On Symmetrical Equivelar Polyhedra of Type {3, 7} and Embeddings of Regular Maps

Abstract

A regular map is an abstract generalization of a Platonic solid. It describes a group, a topological cell decomposition of a 2-manifold of type $\{p, q\}$ with only p-gons, such that q of them meet at each vertex in a circular manner, and we have maximal combinatorial symmetry, expressed by the flag transitivity of the symmetry group. On the one hand, we have articles on topological surface embeddings of regular maps by F. Razafindrazaka and K. Polthier, C. Séquin, and J. J. van Wijk.On the other hand, we have articles with polyhedral embeddings of regular maps by J. Bokowski and M. Cuntz, A. Boole Stott, U. Brehm, H. S. M. Coxeter, B. Grünbaum, E. Schulte, and J. M. Wills. The main concern of this partial survey article is to emphasize that all these articles should be seen as contributing to the common body of knowledge in the area of regular map embeddings. This article additionally provides a method for finding symmetrical equivelar polyhedral embeddings of type $\{3, 7\}$ based on symmetrical graph embeddings on convex surfaces.

1. Preliminary Remarks

This article can be viewed as a contribution to computational synthetic geometry that deals with methods for realizing abstract geometric objects in concrete vector spaces [1]. In this book, we find the following example on page 132.

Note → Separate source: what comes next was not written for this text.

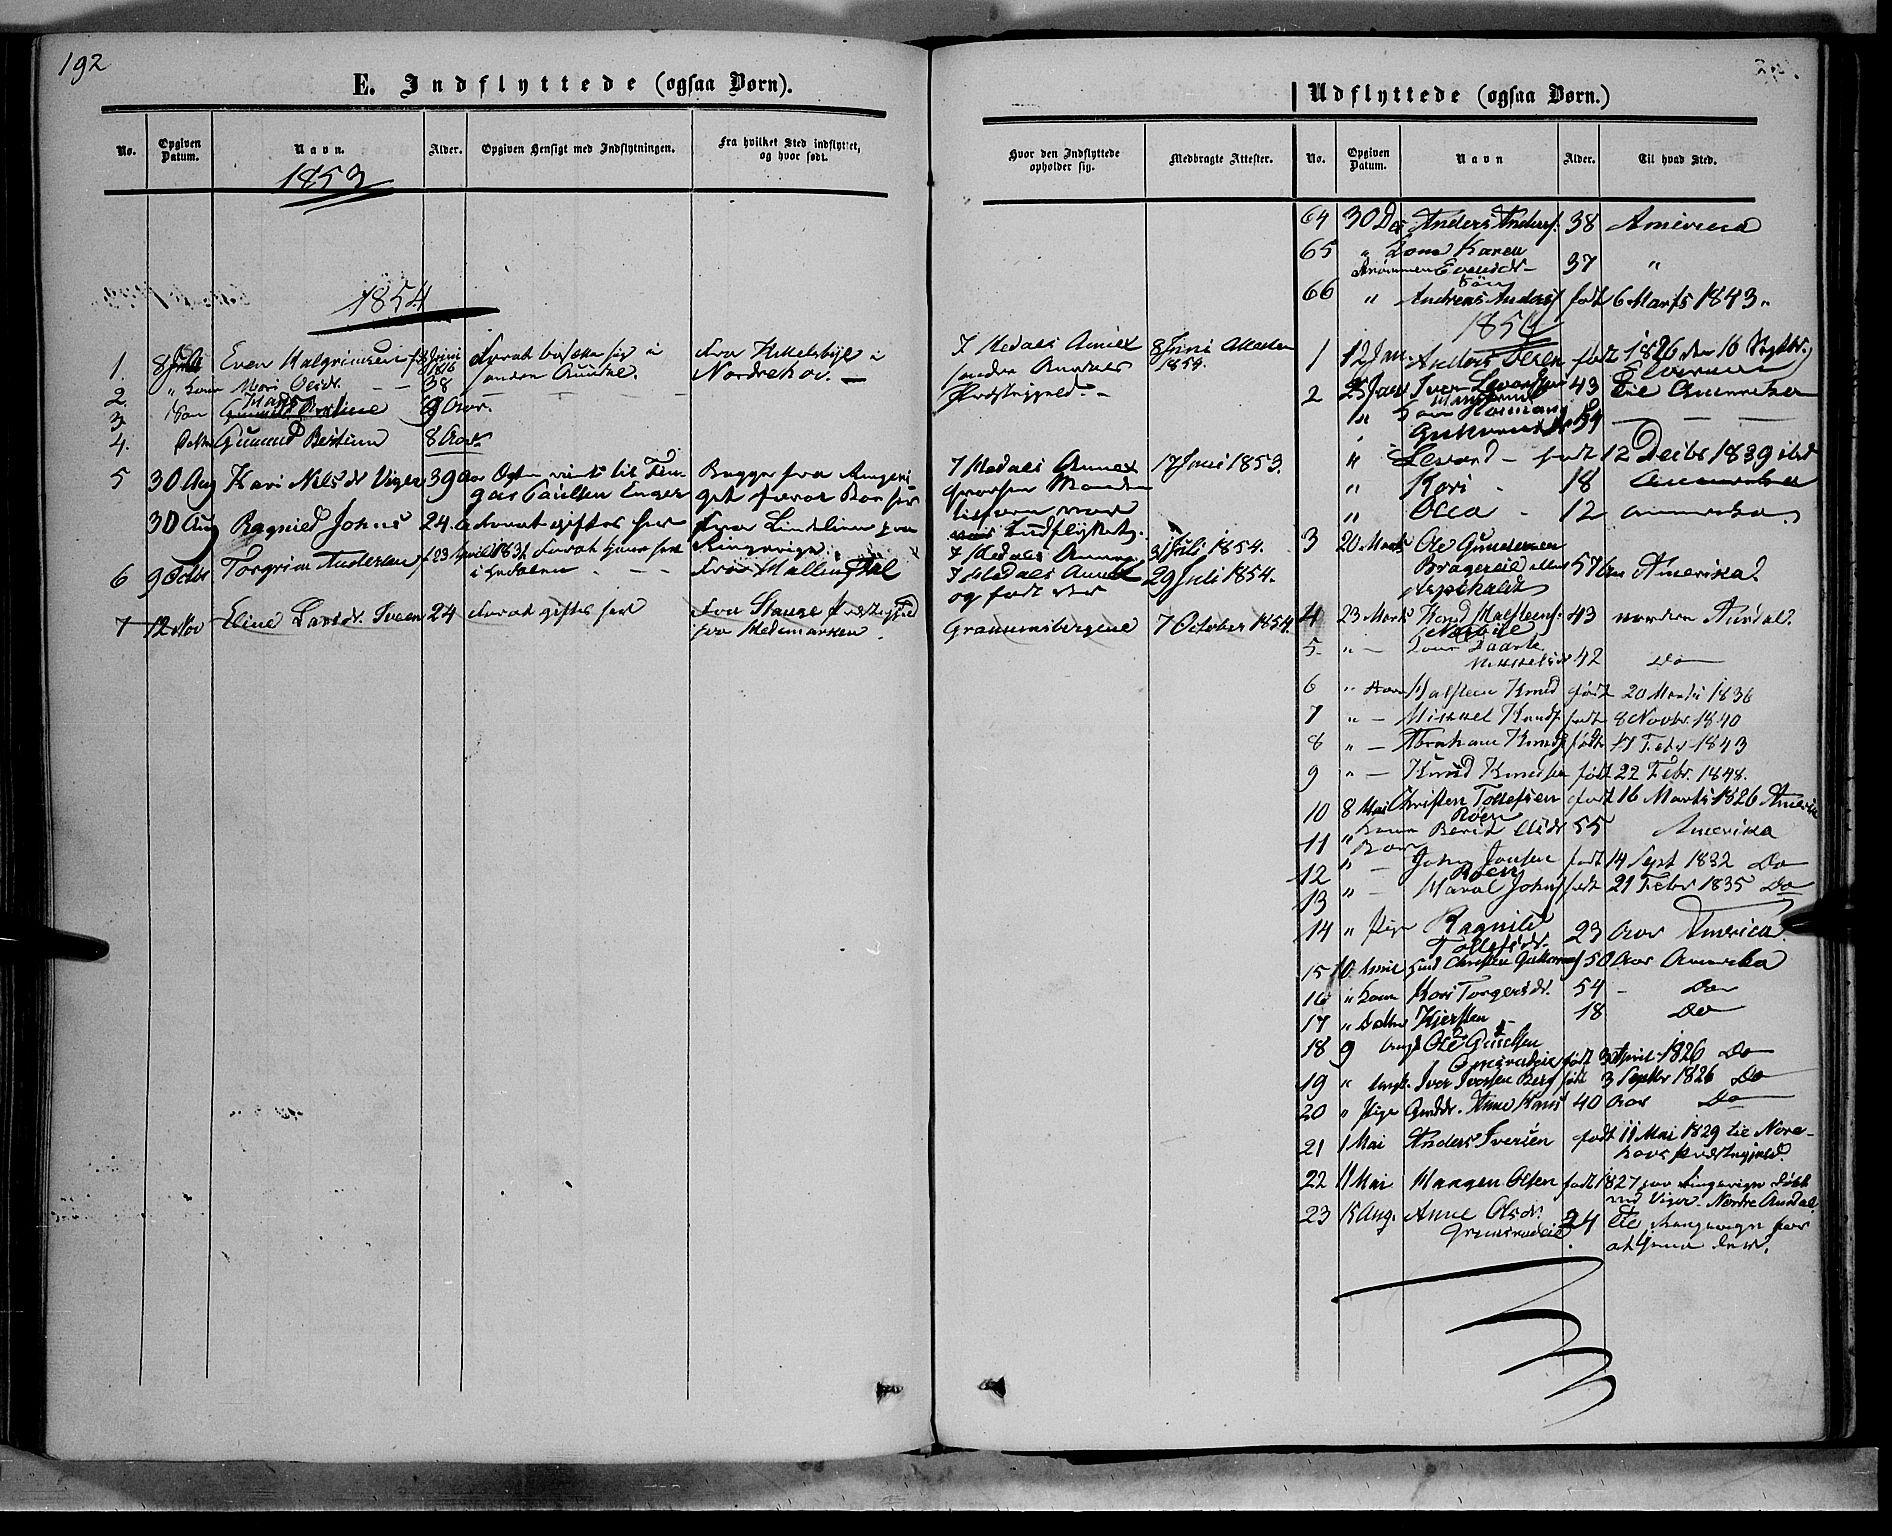 SAH, Sør-Aurdal prestekontor, Ministerialbok nr. 7, 1849-1876, s. 192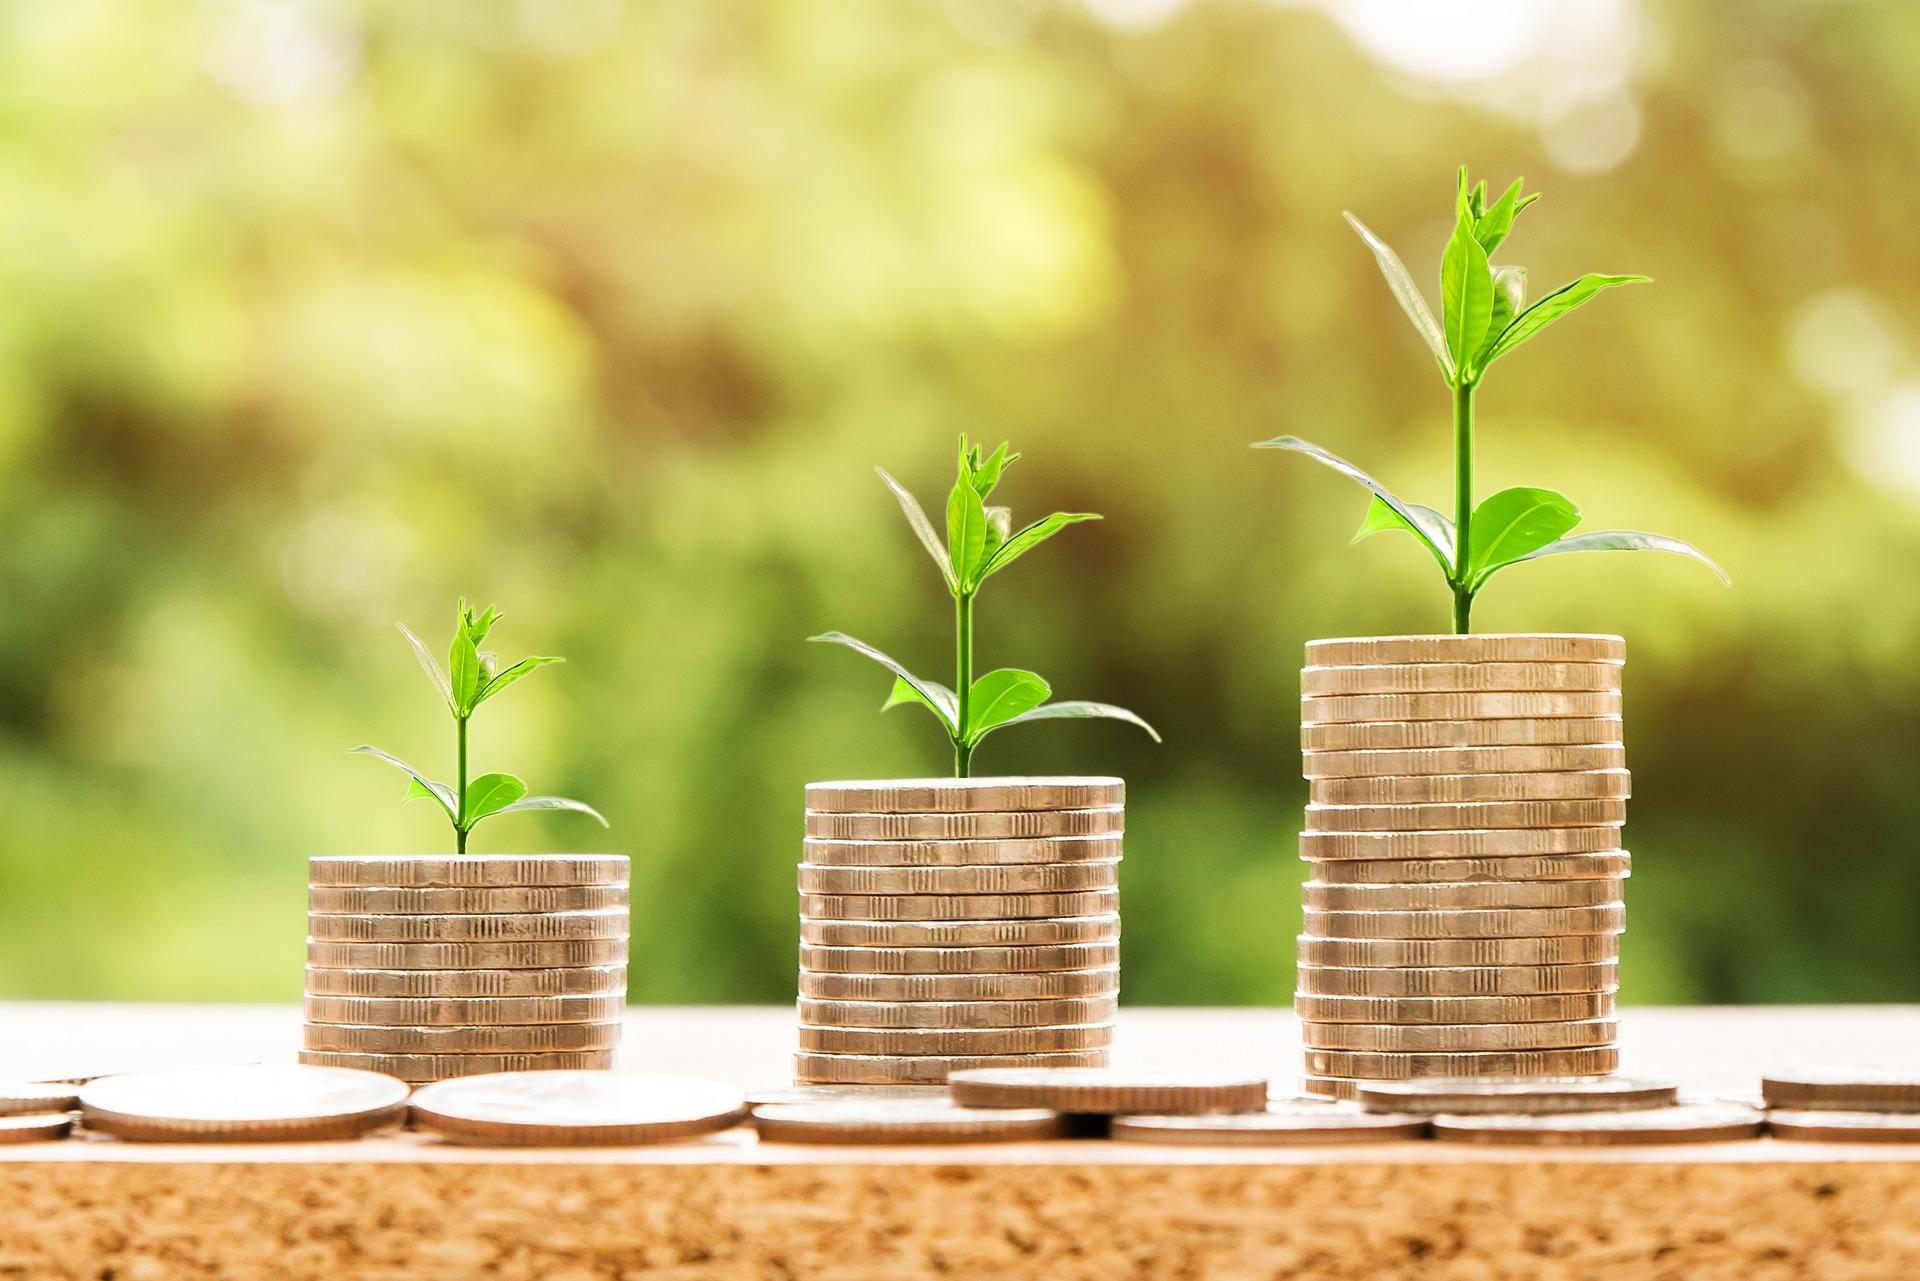 Aus Geldstapeln wachsen Pflänzchen hervor.

INPUT: Combinatorial or geometric condition, Felix Klein’s regular map ${\{3, 7\}}_8$.

OUTPUT: Coordinates or a realizability proof, polyhedral realization of Felix Klein’s map [2].

We see the Platonic solids with a labeling of their vertices in Figure 1. This allows us to study and to describe their symmetries via permutations of their vertices.

Regular maps are generalizations of Platonic solids with their Schläfli symbols $\{p, q\}$, $\{3, 3\}$ for the tetrahedron, $\{4, 3\}$ for the cube, $\{3, 4\}$ for the octahedron, $\{5, 3\}$ for the dodecahedron, and $\{3, 5\}$ for the icosahedron. We have only p-gons as facets, q of them cyclically at each vertex.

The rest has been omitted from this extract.